Guest Author - Dr. Denise Howard
The fourth most common cancer of the female genital tract can be beaten. Vulvar cancer typically presents with itching or an abnormal lesion. The tissues of the vulvar can be easily examined with the naked eye or even under magnification. A sample of the concerned area can be taken and this biopsy will confirm the diagnosis. Once the diagnosis is confirmed then treatment can be undertaken.
The vulva area consists of the labia majora, labia minora, clitoris, mons, introitius, vestibule, and urethra meatus. Its function is to direct the urine stream, protect the genital tract and it serves as a sensory organ for sexual arousal. A cancer in this area can directly affect all of these functions and spread to adjacent and distant structures.

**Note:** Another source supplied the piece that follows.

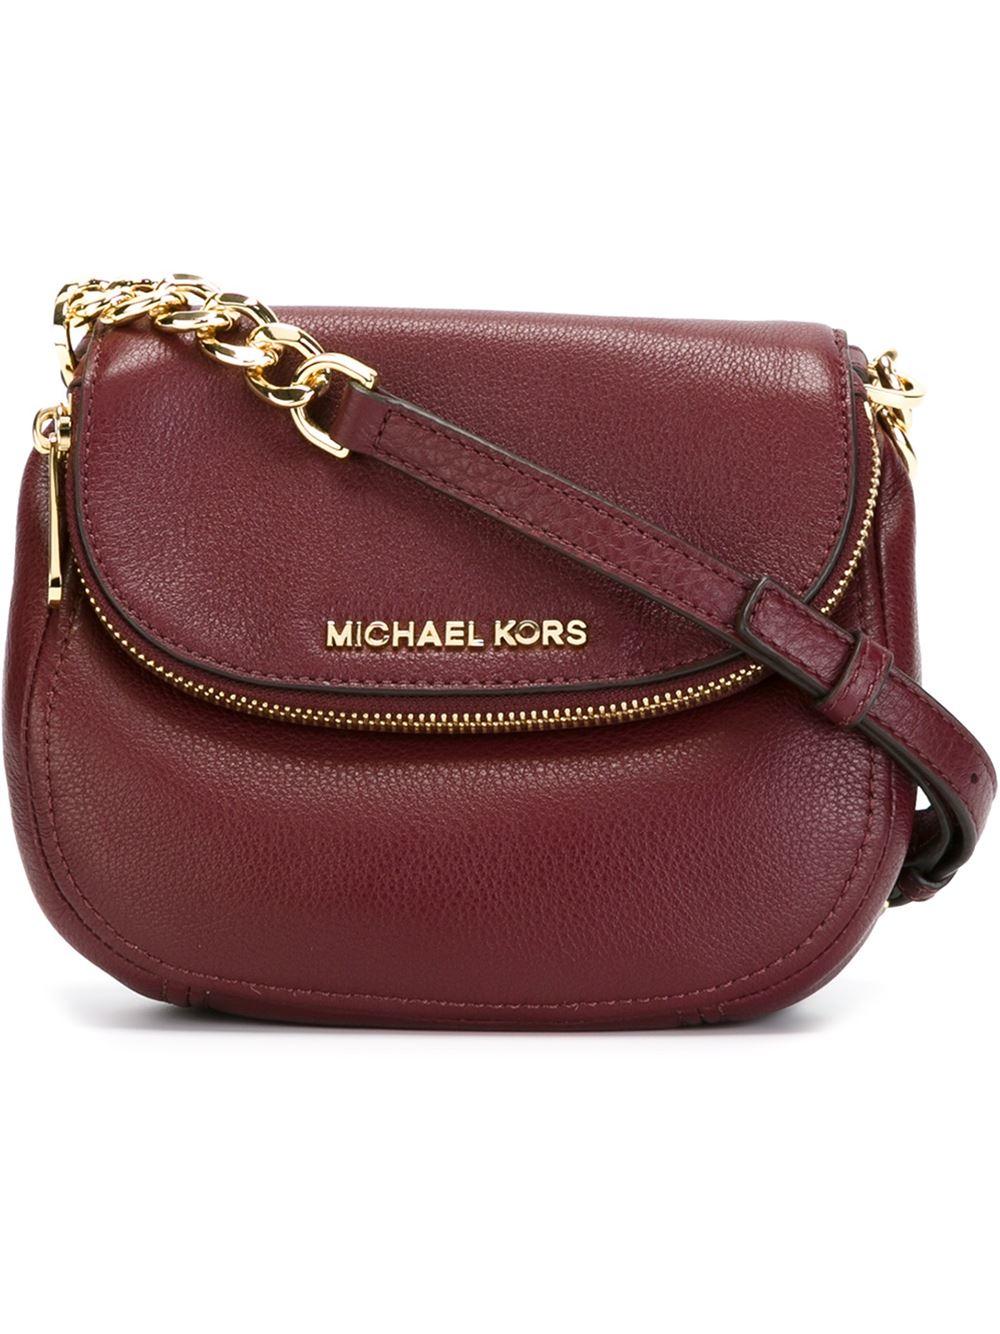 911c0e8c393a MICHAEL Michael Kors Zipped Fold Over Top Cross Body Bag in Purple ...

Once a diagnosis of cancer is made the next step is to determine the extent of its spread. This process is called clinical staging and helps determine both the treatment options and the prognosis. This consists of a complete history and physical examination, including a pelvic examination, taking note of abnormal lesions and even enlarged lymph nodes. A more detailed evaluation of the genital tract may include a colposcopy and vulvoscopy to examine for spread or other foci of cancer in the cervix and rest of genital tract. A cystoscopy allows for detailed evaluation of the urethra and bladder while an anoscopy allows for visualization of the anus. Additional imaging maybe advised depending on the examination findings.
The final staging is confirmed by surgical evaluation. The biopsy can describe the depth of the lesion. Additional surgery that maybe both diagnostic and therapeutic, includes removal of the vulvar structures and a biopsy of the lymph nodes. The extent of removal of the vulvar structures and lymph node biopsy is determined by the location, size and evidence of spread. A stage IB cancer is greater than 2 cm in diameter. Stage II cancers have spread to the birth canal, urethra or anus. Stage II has spread regionally beyond these structures and Stage IV is distal spread outside of the pelvic region. Metastasis is found in approximately 5% of cases at initial diagnosis.

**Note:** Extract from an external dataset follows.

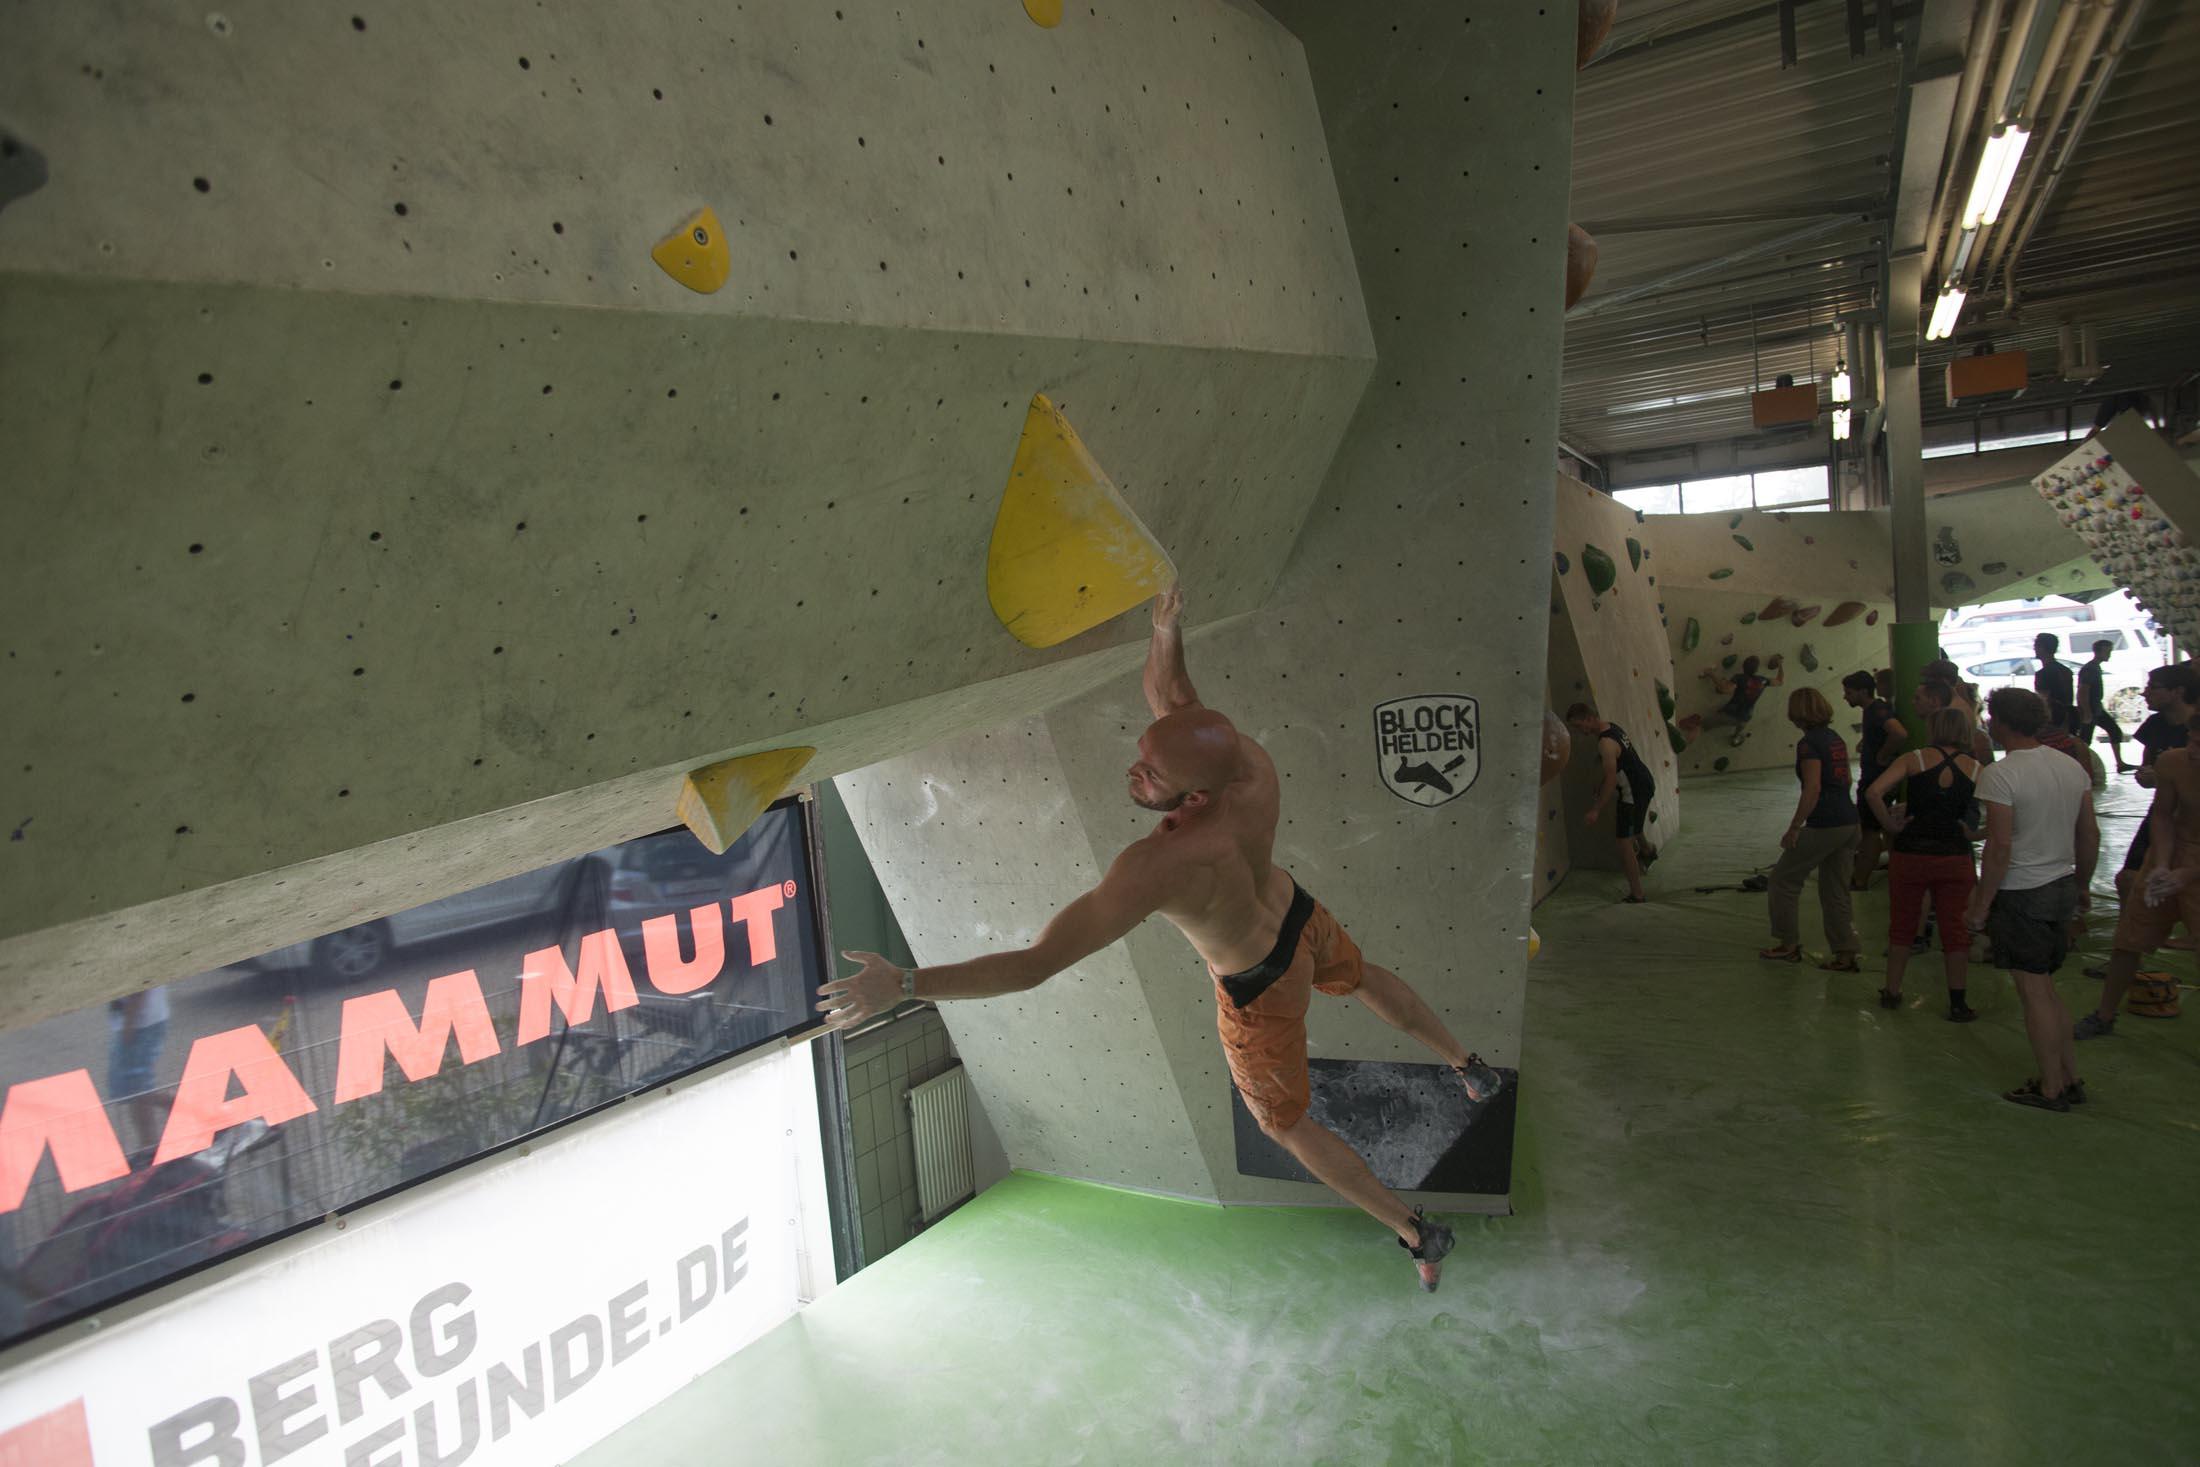 Quali, internationaler bouldercup Frankenjura 2016, BLOCKHELDEN Erlangen, Mammut, Bergfreunde.de, Boulderwettkampf07092016387

Surgical treatment is possible in those cases that are diagnosed early. Radiation and chemotherapy are additional treatments that maybe utilized if the cancer is of advanced stage. An early diagnosis allows for easier treatment and the likelihood of success is much higher. You should seek the consultation of a gynecologist if you have unusual genital symptoms or a lesion. In some cases it may require persistence on your part to find the answer but donít be afraid to be an advocate for your health.
I hope this article has provided you with information that will help you make wise choices, so you may:
Live healthy, live well and live long!